|
|
11 of 12 people found the following review helpful:
4.0 out of 5 stars
The Rats Part 3, 25 Jul 2005
The Rats was a fearsomely successful debut, so much so that even after several other novels Herbert felt compelled to go back and write a sequel, but Lair suffered from a 'seen it all before' law of diminishing returns - in true Hollywood sequel fashion the action may have been bigger but it certainly wasn't better.Thankfully with Domain, Herbert's 3rd Rats novel, the author has come up with a new angle to work with - nuclear holocaust. The novel starts at a breathtaking pace and barely lets up - 5 nuclear bombs fall on London, and its an immediate battle for survival as the population struggles to get underground and away from the fallout. Totally unprepared, most of the inhabitants are killed, with London almost completely destroyed. The novel follows the fate of typical Herbert loner hero Culver, and government employee Dealey, who knows the location of a secret underground survival shelter but having been blinded in the nuclear blast needs Culver's help to get there. Meanwhile, the long dormant mutant rats seize their chance to emerge from hiding and start feeding on human flesh again... The addition of the nuclear holocaust material massively expands the scope of this novel, as even without the rats the cast face diverse threats from disease, floods, fire, rabid dogs and lawless gangs who roam the wasteland of a devastated London. The destroyed capitol makes for some startling imagery, with Domain containing the best descriptive writing Herbert has yet produced.
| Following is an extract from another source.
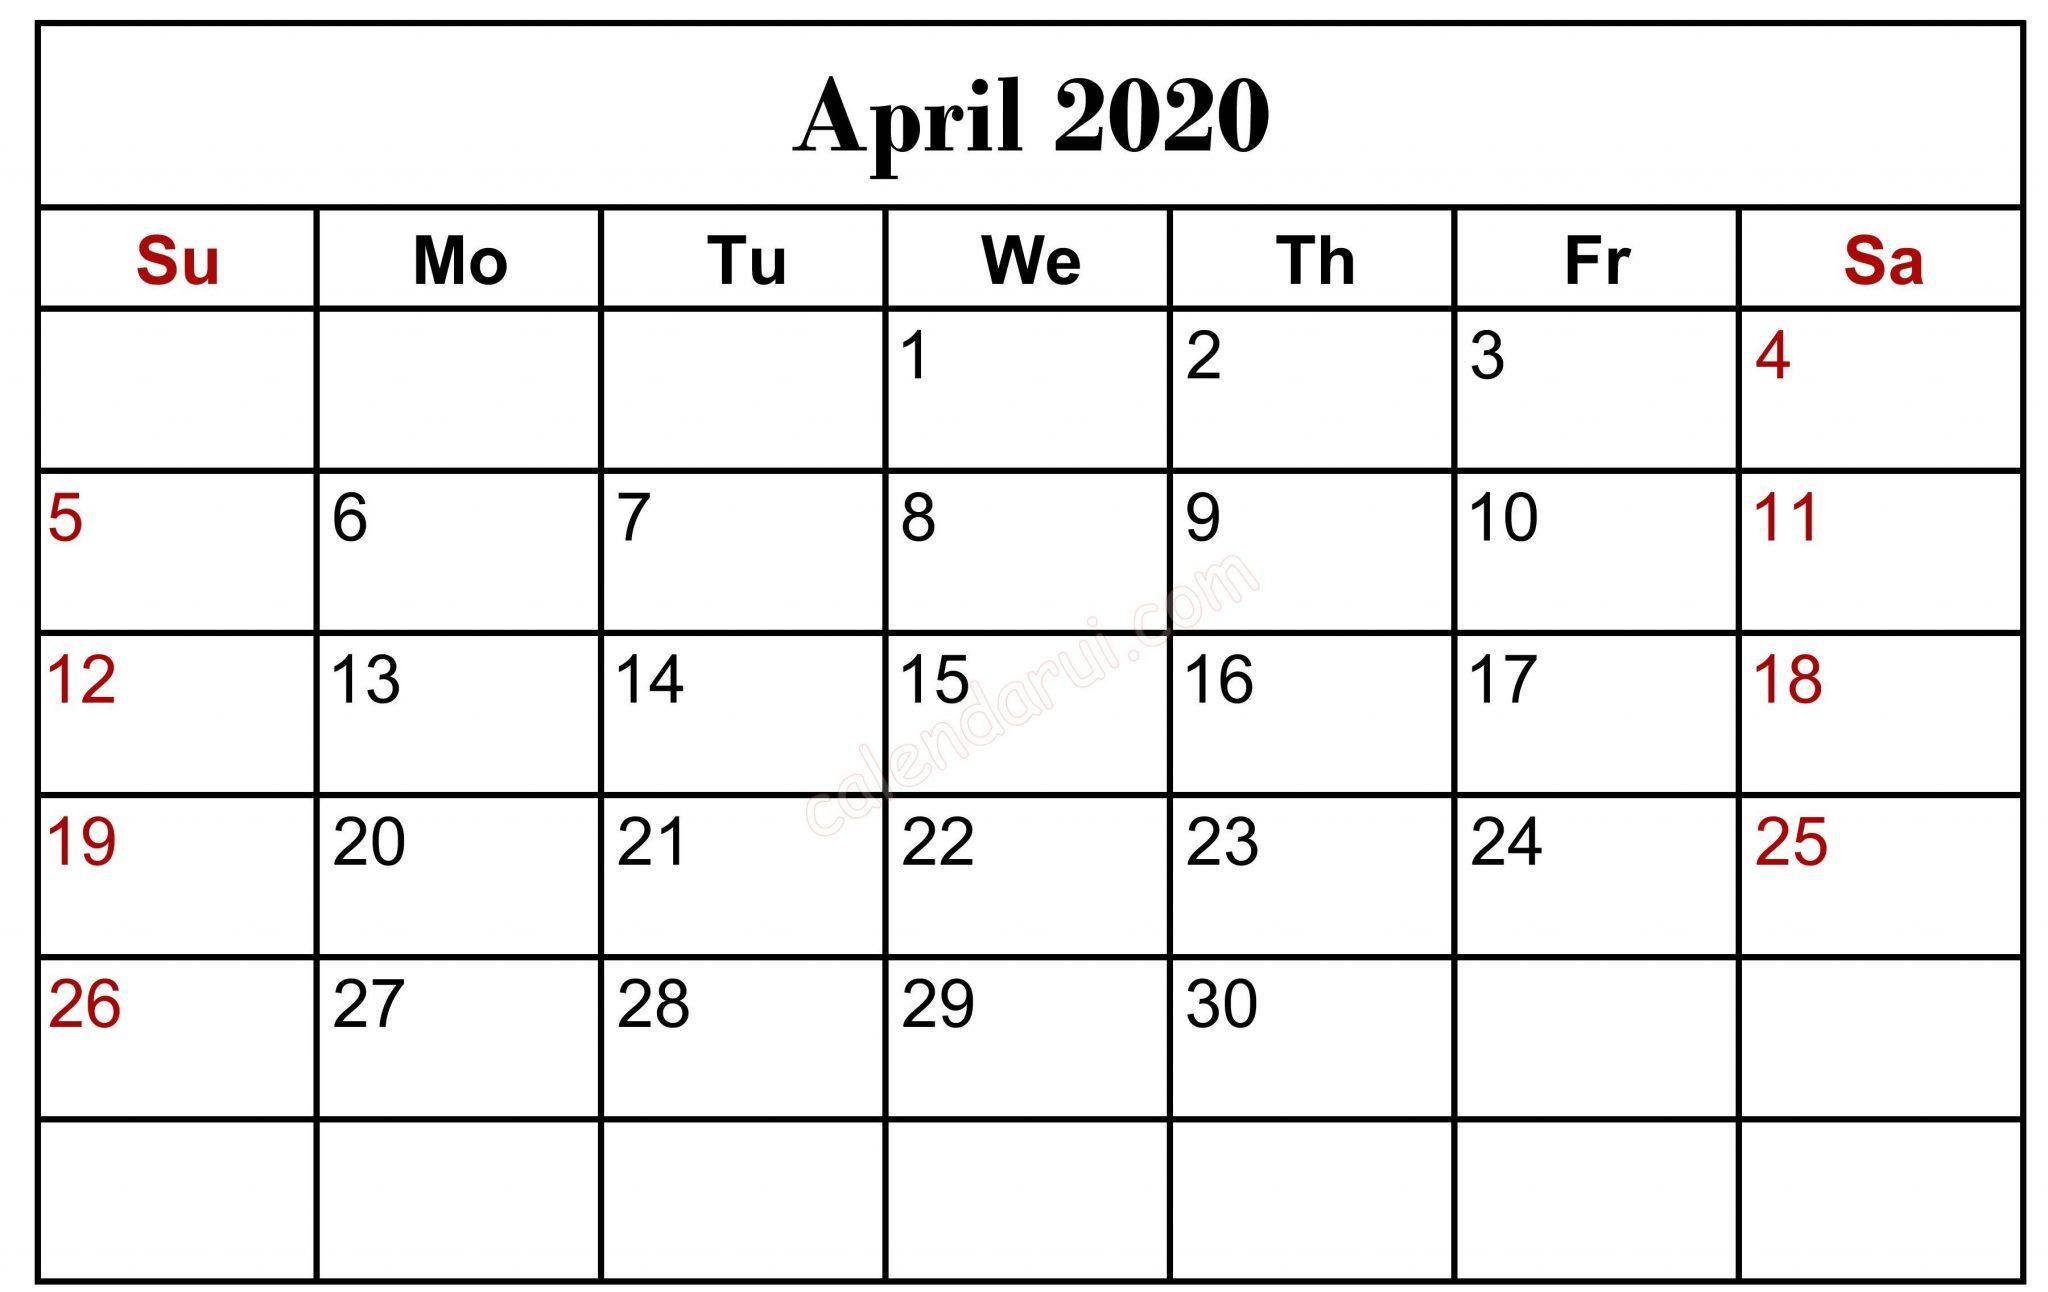 April 2020 Blank Calendar Printable

Herbert gradually brings together a varied cast, with the novel peaking in an extended mid-book action sequence when their temporary bolthole is flooded, then attacked by rats. Aside from the books obvious hero it's difficult to tell who will survive, as the band is slowly whittled down by adversity, with death at every turn. Non-stop tension and action coupled with some startling imagery makes Domain not only the best of the Rats trilogy (though Herbert would later revisit the setting of Domain for his graphic novel The City), but Herbert's best book up to that point.